XAML-naamruimten en naamruimtetoewijzing voor WPF XAML
In dit onderwerp wordt de aanwezigheid en het doel van de twee XAML-naamruimtetoewijzingen uitgelegd, zoals vaak te vinden is in de hoofdtag van een WPF XAML-bestand. Er wordt ook beschreven hoe u vergelijkbare toewijzingen kunt maken voor het gebruik van elementen die zijn gedefinieerd in uw eigen code en/of binnen afzonderlijke assemblies.
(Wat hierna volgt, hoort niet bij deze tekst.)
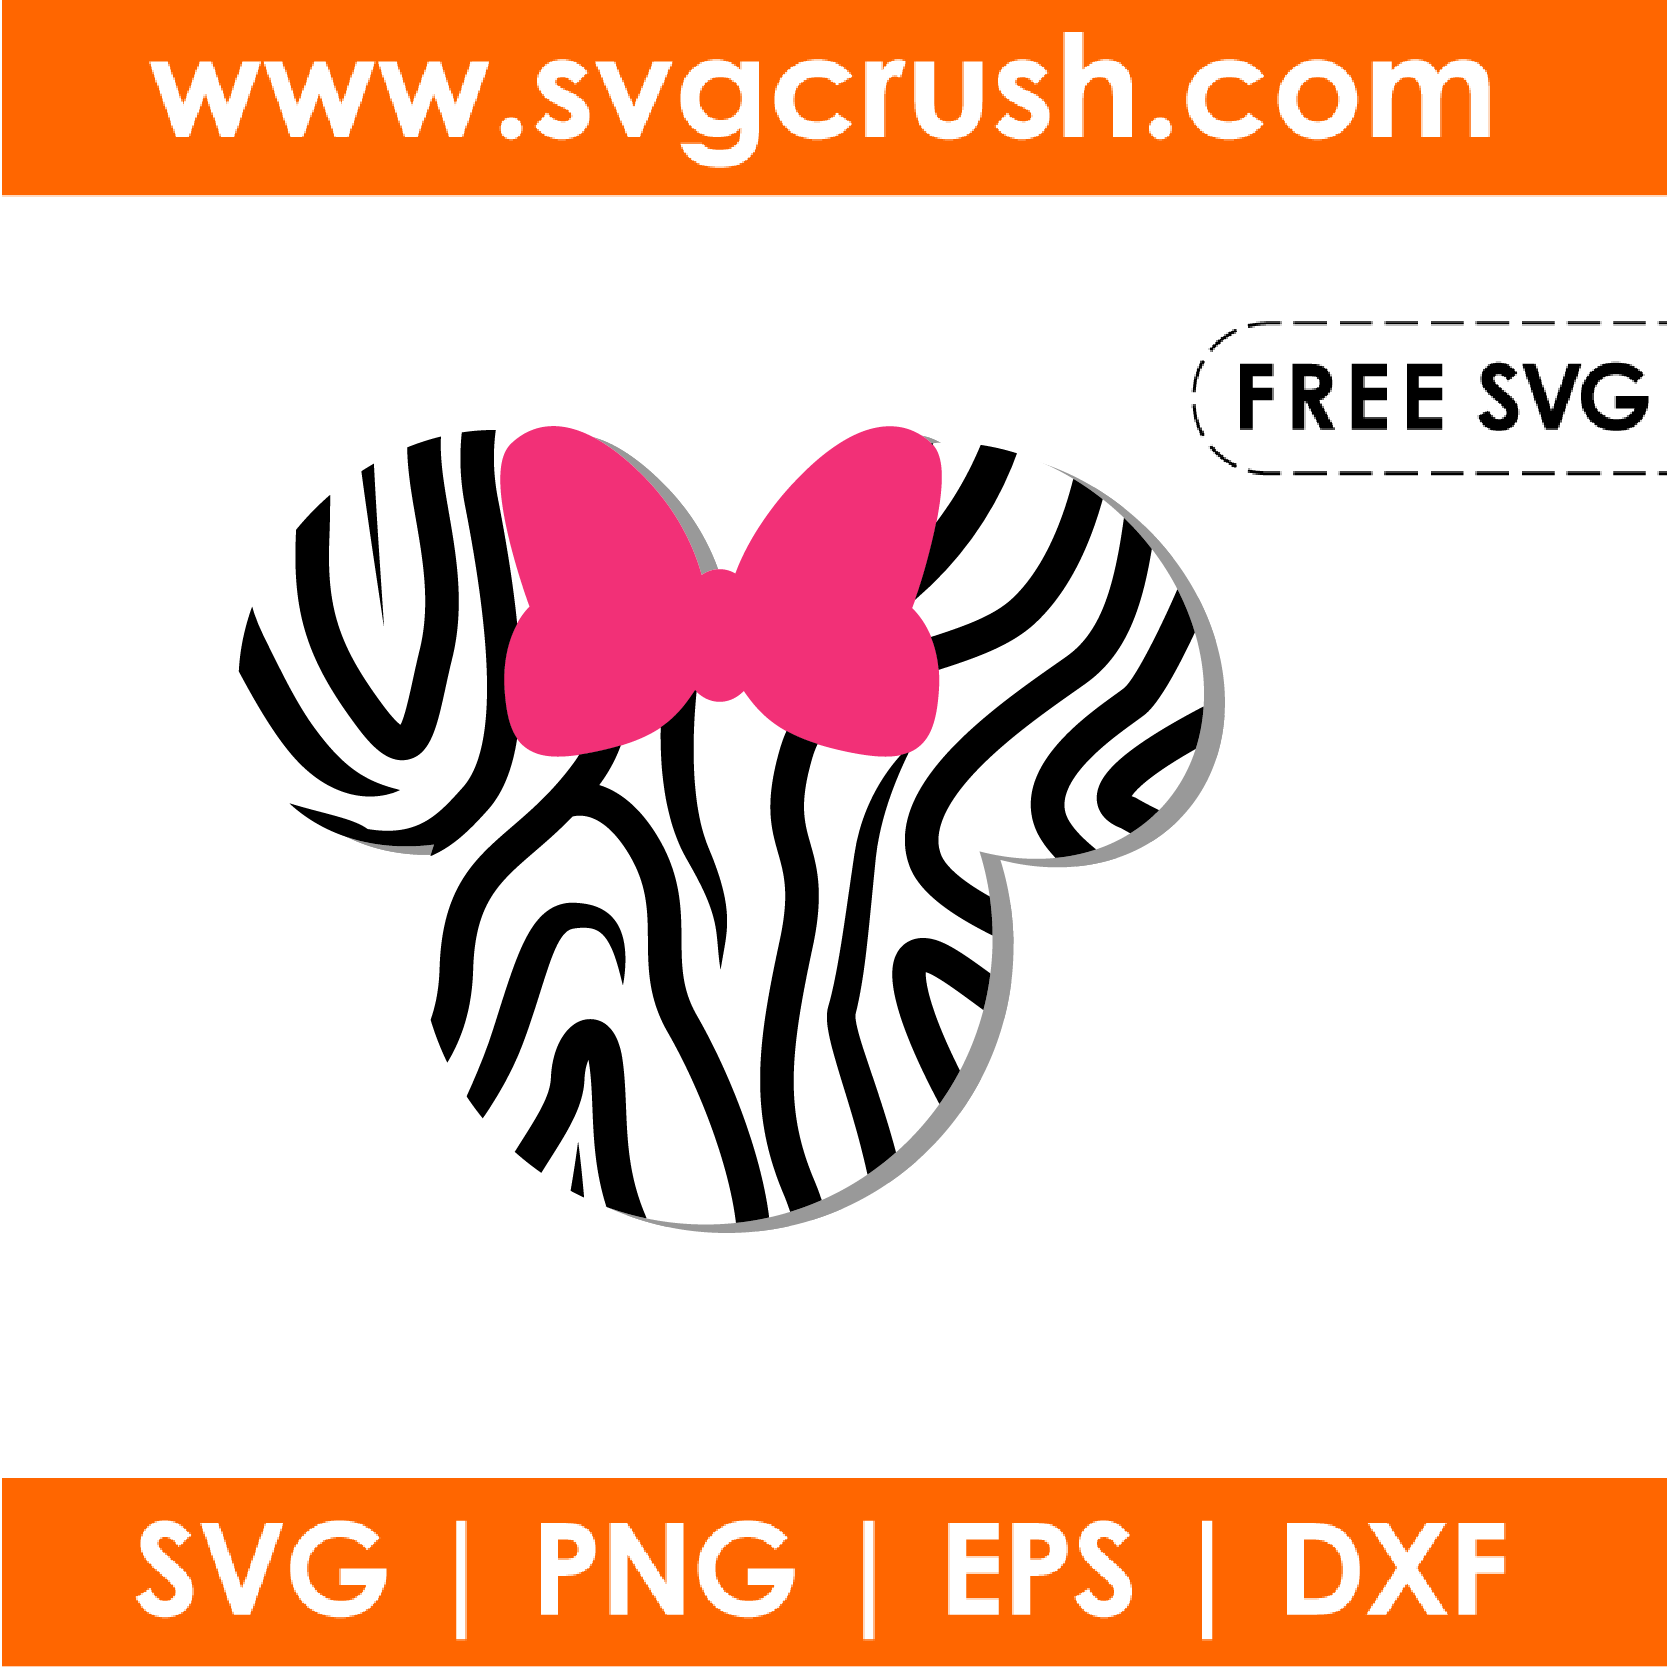 Free Free 60 Free Disney Svg Websites SVG PNG EPS DXF File

Wat is een XAML-naamruimte
Een XAML-naamruimte is eigenlijk een uitbreiding van het concept van een XML-naamruimte. De technieken voor het opgeven van een XAML-naamruimte zijn afhankelijk van de syntaxis van de XML-naamruimte, de conventie van het gebruik van URI's als naamruimte-id's, het gebruik van voorvoegsels om te verwijzen naar meerdere naamruimten uit dezelfde markeringsbron, enzovoort. Het primaire concept dat wordt toegevoegd aan de XAML-definitie van de XML-naamruimte is dat een XAML-naamruimte zowel een bereik van uniekheid voor het gebruik van markeringen impliceert, en ook van invloed is op de manier waarop markeringentiteiten mogelijk worden ondersteund door specifieke CLR-naamruimten en assembly's waarnaar wordt verwezen. Deze laatste overweging wordt ook beïnvloed door het concept van een XAML-schemacontext. Maar voor de manier waarop WPF werkt met XAML-naamruimten, kunt u over het algemeen denken aan XAML-naamruimten in termen van een standaard XAML-naamruimte, de XAML-taalnaamruimte en eventuele andere XAML-naamruimten, zoals toegewezen door uw XAML-markeringen, rechtstreeks aan specifieke back-ups van CLR-naamruimten en assembly's waarnaar wordt verwezen.
De WPF- en XAML-naamruimtedeclaraties
In de naamruimtedeclaraties in de hoofdtag van veel XAML-bestanden ziet u dat er meestal twee XML-naamruimtedeclaraties zijn. De eerste declaratie wijst de algemene WPF-client/framework XAML-naamruimte toe als de standaardinstelling:
xmlns="http://schemas.microsoft.com/winfx/2006/xaml/presentation"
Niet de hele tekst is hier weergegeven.